The stat() function supplied with the libraries for Turbo C and djgpp libraries did not seem to work in the same fashion as UNIX machines. In particular, the file size returned by stat was different from that shown by the DOS command dir. This seems to be an artifact of the DOS file system that is machine-specific, and I elected to ignore it. You might need to seek to the end of the file to find the actual size.
A few other changes were required to get it to compile with Turbo C:
• a change of memory.h to mem.h in shsstring.c.
• replacement of timer.c by timer2.c, with a change of 1000000 to CLK TCK.
• replacement of sys/time.h by time.h.
How much can we improve SHA?
The code described in this paper comes close to what I think is the fastest possible portable microprocessor implementation of SHA-1. For some applications, this may be sufficiently fast, but for others it may be far off of the mark. The world is moving toward ubiquitous electronic communication, and much of it is going to require authentication and digital signatures. For the gigabit per second networks that exist already, SHA-1 is going to be of limited use, and this situation is likely to become more pronounced as technology advances. Networking speed can be improved by using multiple paths, but the SHA is inherently serial. One may ask how close to optimal this implementation is. Examination of the assembler code produced for the do block() function on a variety of machines shows that processing of a 512-bit block generally requres something like 1600 individual instructions with this C implementation. If we examine the algorithm, it appears that the following 32-bit operations are required at a minimum:
• 3 instructions for each invocation of f1.
• 2 instructions for each invocation of f2 (and for f4).
• 4 instructions for each invocation of f3.
• 1 load instruction for each 32-bit block of input data.
This leads to the following estimate for the number of 32-bit instructions required for the original SHA algorithm: • extra load/stores from having too few registers.
• overhead of a function call (stack setup, etc)
• index and/or address calculation for the W[] array.
Based on these observations, it appears to be unlikely to achieve a speedup of more than 40% over the version written here using a 32-bit microprocessor, unless the processor has multiple integer pipelines.
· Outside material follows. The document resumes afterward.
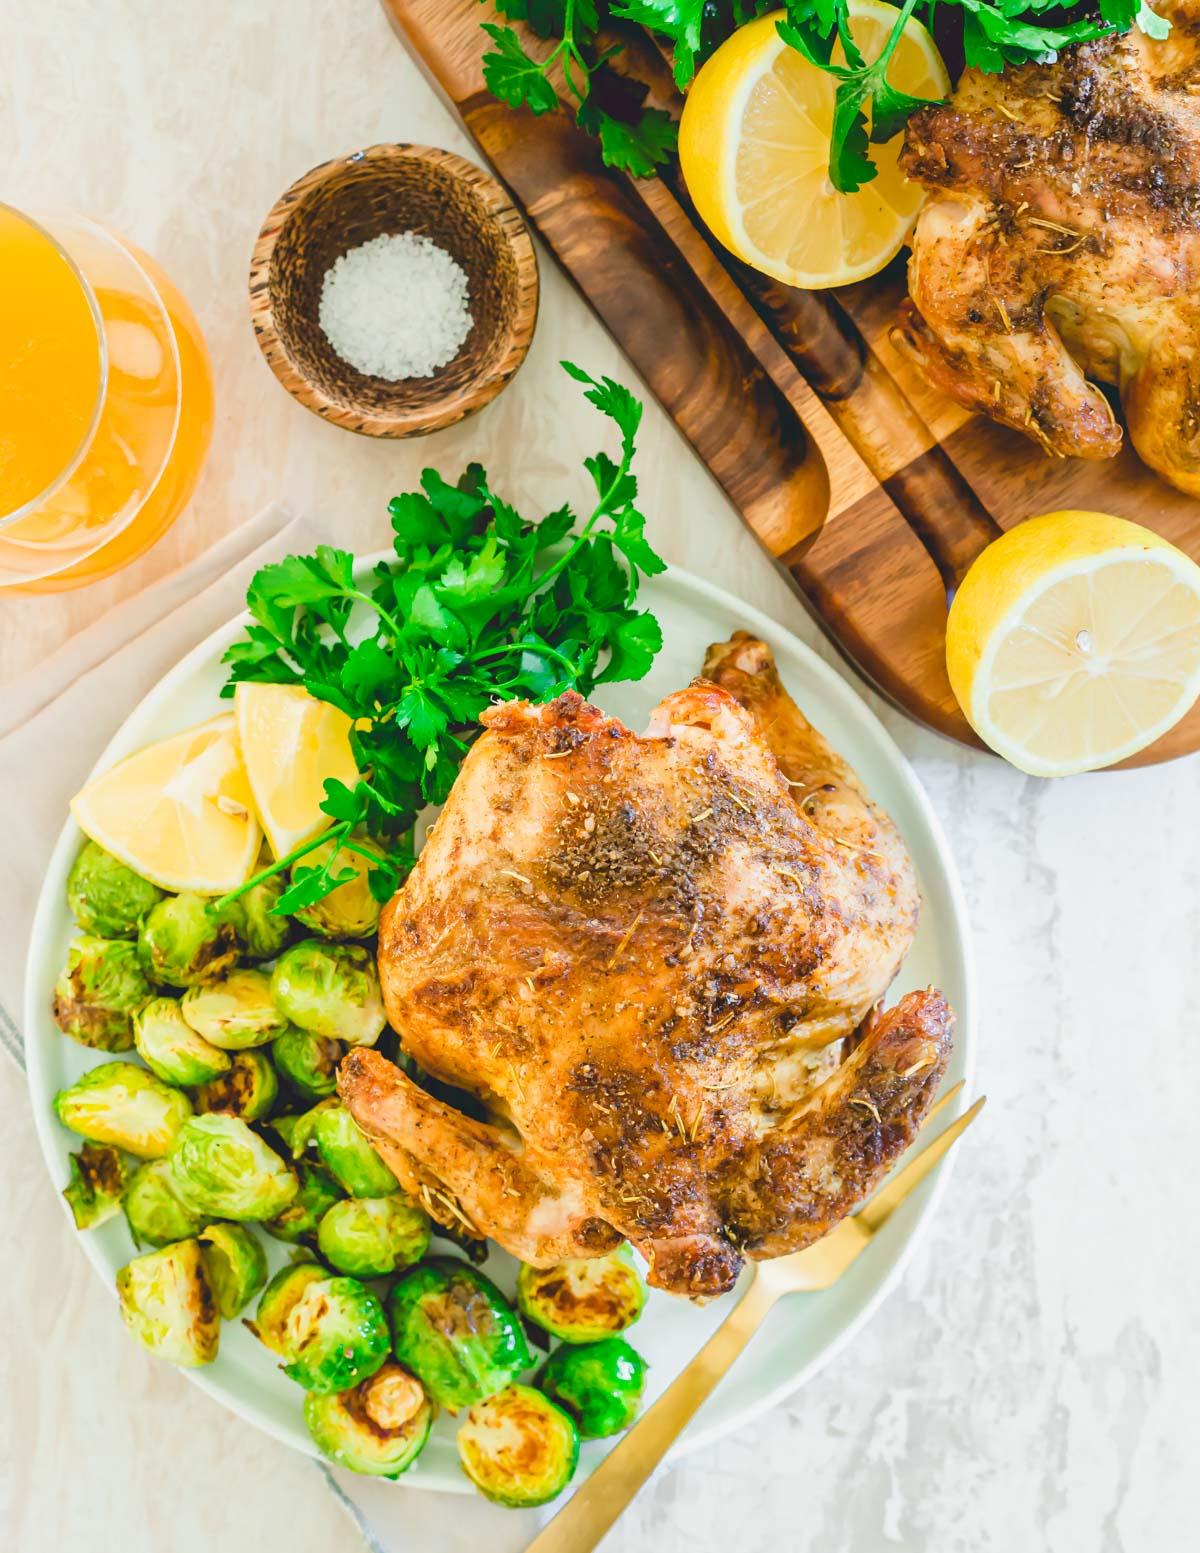 Tender juicy air fryer Cornish game hen cut into pieces on a plate with roasted Brussels sprouts.

On a Sparcstation, the compiler turns each 32-bit circular shift operation into three of four instructions rather than one. Since the Sparc chip is a RISC chip, each instruction takes a single clock cycle, and the 908 operations counted above would become 908+4×160 = 1548 operations. This is where the biggest inefficiency arises. Note also that SHA-1 adds 64 extra circular shifts, which inflates this to 1548 + 64 × 4 = 1804 operations. Based on this, we would expect a performance hit of approximately 16% from the SHA-1 modification, and we observed a hit of 14%. The difference is probably accounted for in moving data around. The SHA-1 modification makes it that much more important to use the hardware cyclic shift operation if at all possible. This paper does not address the security of SHA-1, but only it's efficiency. Clearly an insecure but secure hash function is useless, but it is an interesting open question to design secure functions that operate efficiently on common microprocessors. Design of such a function should ideally observe the following contraints:
• For each "block" of input data, it should only be loaded moved once from memory to a register.
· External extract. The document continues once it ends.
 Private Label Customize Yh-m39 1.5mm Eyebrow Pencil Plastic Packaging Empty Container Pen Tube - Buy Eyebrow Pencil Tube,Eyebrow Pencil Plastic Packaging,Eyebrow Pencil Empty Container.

• The algorithm should scale to multiple processors operating on individual register sets and a shared communication medium. This communication medium may have low latency such as a shared memory bus, or some kind of network. The network may be assumed to have high bandwidth, but may also have relatively high latency (i.e., tens of microseconds, or even milliseconds).
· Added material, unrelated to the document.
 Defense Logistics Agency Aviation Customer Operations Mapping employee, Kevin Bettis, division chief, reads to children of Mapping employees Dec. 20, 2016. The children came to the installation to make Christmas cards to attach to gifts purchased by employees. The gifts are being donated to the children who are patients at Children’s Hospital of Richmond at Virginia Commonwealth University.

• The algorithm should rely on as few operations as possible, and should avoid such unusual operations as a circular shift that may be missing from RISC processors. This may be unavoidable for security reasons.
• The algorithm should be be capable of operating on a 2n bit data type with only slightly more than half the number of operations required when using an n-bit data type.
• Chaining of data is generally used to enhance security, but this is at odds with processor pipeline design. This should be held to a minimum to take advantage of pipelines.
It is interesting to note that the operation used in SHA-1 are exactly of the type that are extremely difficult to vectorize, namely recurrences with short lags. Pipelining of instructions should easily be possible however. It remains an open question whether a secure hash function can be designed that lends itself to either vectorization or parallelization. Very high speed applications in the future will no doubt require this, and perhaps someday we will regret not having planned for this.